Machine translation will completely replace translators

Even though machine translation can be very helpful, its result still cannot compare to that of human translators, especially when it comes to longer texts. Translation must consider the context of the text, its slang, idioms, cultural nuances, and many other aspects which the machine translation is not able to process. It should also be noted that there is a tendency towards falsely equivalating machine translation (Google Translate) and CAT tools (e.g. Trados) which can sometimes lead to avoidance of using either of these tools and the benefits they provide.

Translation is always quick and simple

Many clients request translation services at the last possible moment, thinking that translation is a simple task that can be done quickly regardless of the length and the subject matter of the source text. However, the process of translation involves many steps including researching the topic and the subject matter, searching for correct terms, proofreading and editing the text, etc., where every step can take up a significant amount time so that the final translation can be done with precision and quality.

Any translator can translate any type of text

This myth arises directly from the previous one.
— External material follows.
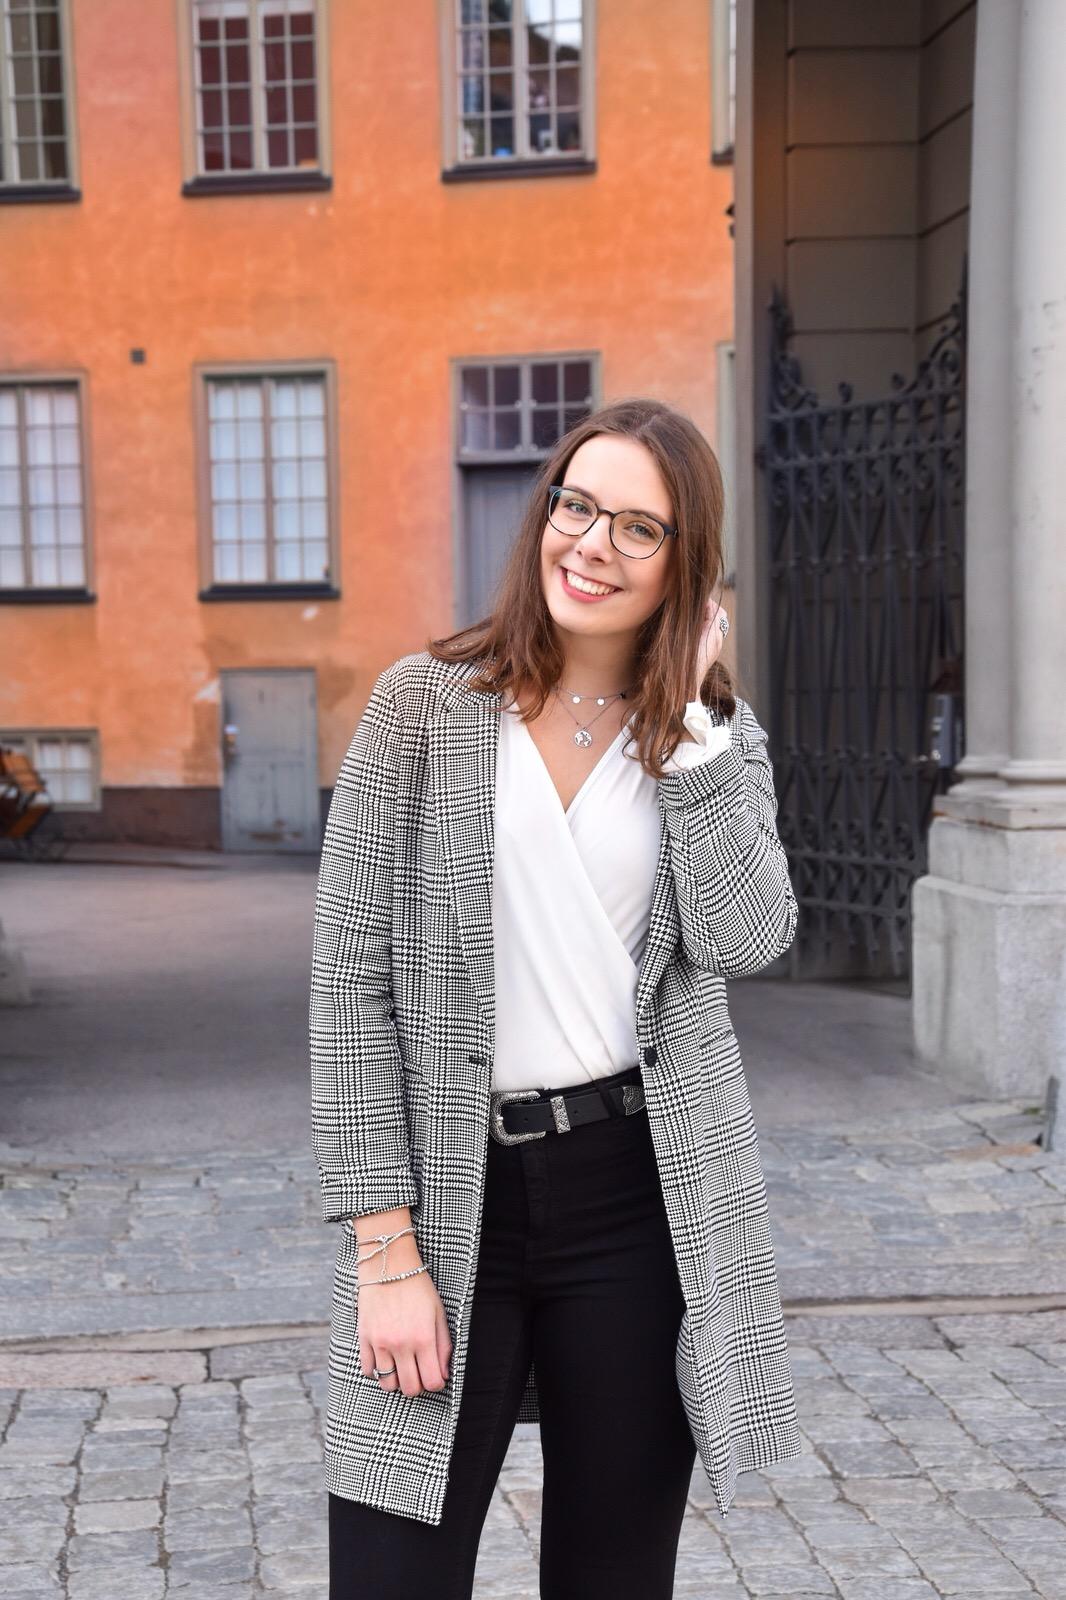 Johanna Hausberg

Clients often think that translators are equally familiar with terminologies of numerous areas, regardless of how specialized those areas may be. Contrary to that belief, experienced translators are usually specialized in several related areas (e.g. media, telecommunications, IT) so that they can follow the latest trends and changes in those areas. Translators with years of experience in translating texts related to telecommunications can find themselves having a lot of difficulties when translating medicinal texts. For this reason, it is best to look for translators that specialize in the area that the client needs.